Dean and I spent most of the day yesterday staining the new front door. My back aches and my head still feels fuzzy from the fumes. (I wonder if this is what sniffing glue feels like?). But the door is turning out to be really lovely. Now we just have to put on three coats of varnish, sanding between each coat, and we'll be done (and can get started on the same for the back door). Ahh, the joys of homo-nership.
Layers of green shag smothered oak hardwoods,
rolls of 1950’s newspapers insulated
a basement stairway closet, aluminum-framed
windows with broken seals grew a greenish algae.

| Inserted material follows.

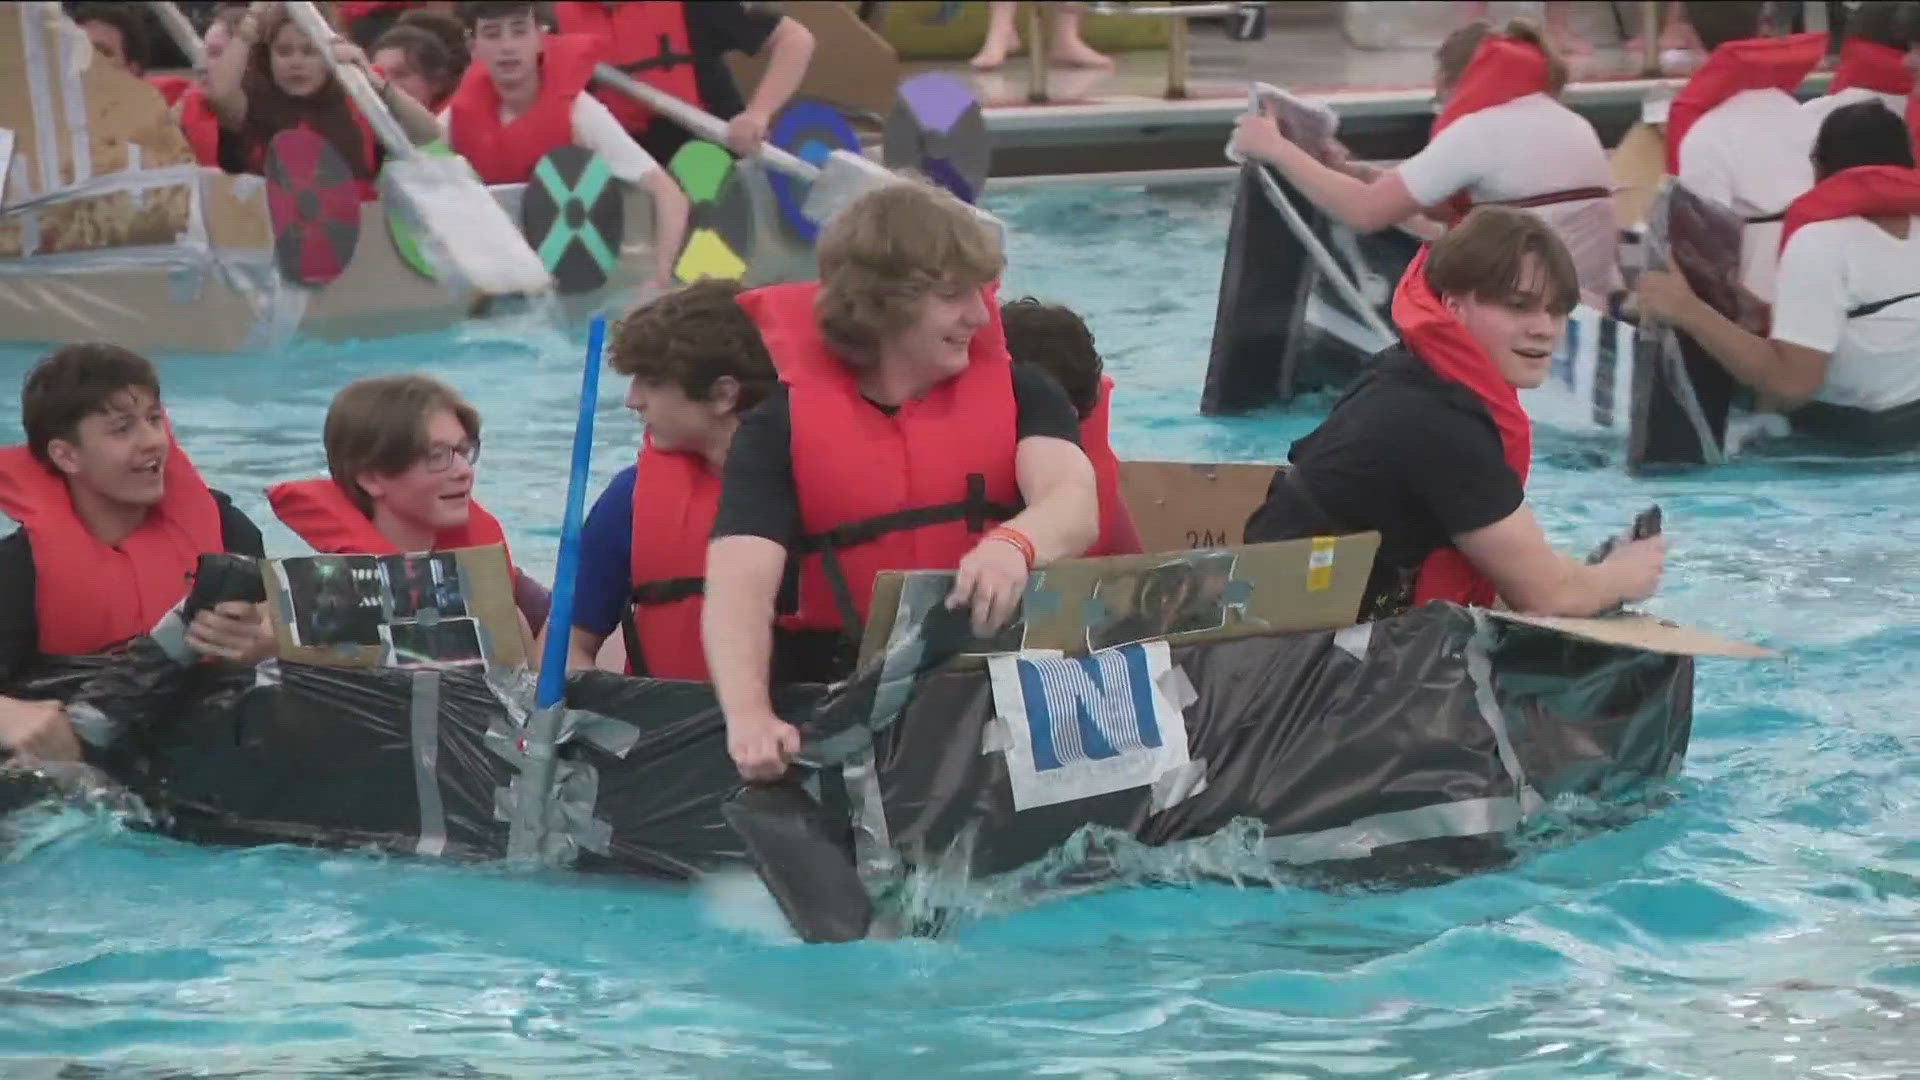 It was all hands on deck for students at the Clarence Central School District.
Engineering students spent class time at the pool for a cardboard boat races!

But how else could we look back now upon
romantic weekends scraping layers of paint,
lovers quarrelling over colors for siding, then
hanging new double-hungs.
Re-roofing, re-plumbing , re-wiring,
removing a false lowered ceiling:
not so much a revision
as a retelling,
adding to what had gone before,
working up the sweet sweat
that makes a relationship hum,
makes a place indelibly, undeniably yours.
It’s how we come to inhabit where we are:
tearing down a wall, planting a tree,
brushing another coat of paint onto plaster,
lowering a hedge to reclaim a view.
Like when we wrote our names
onto the closet wall of the first apartment
we shared, before re-paneling it with cedar —
we’re still there, beneath the surface, built in.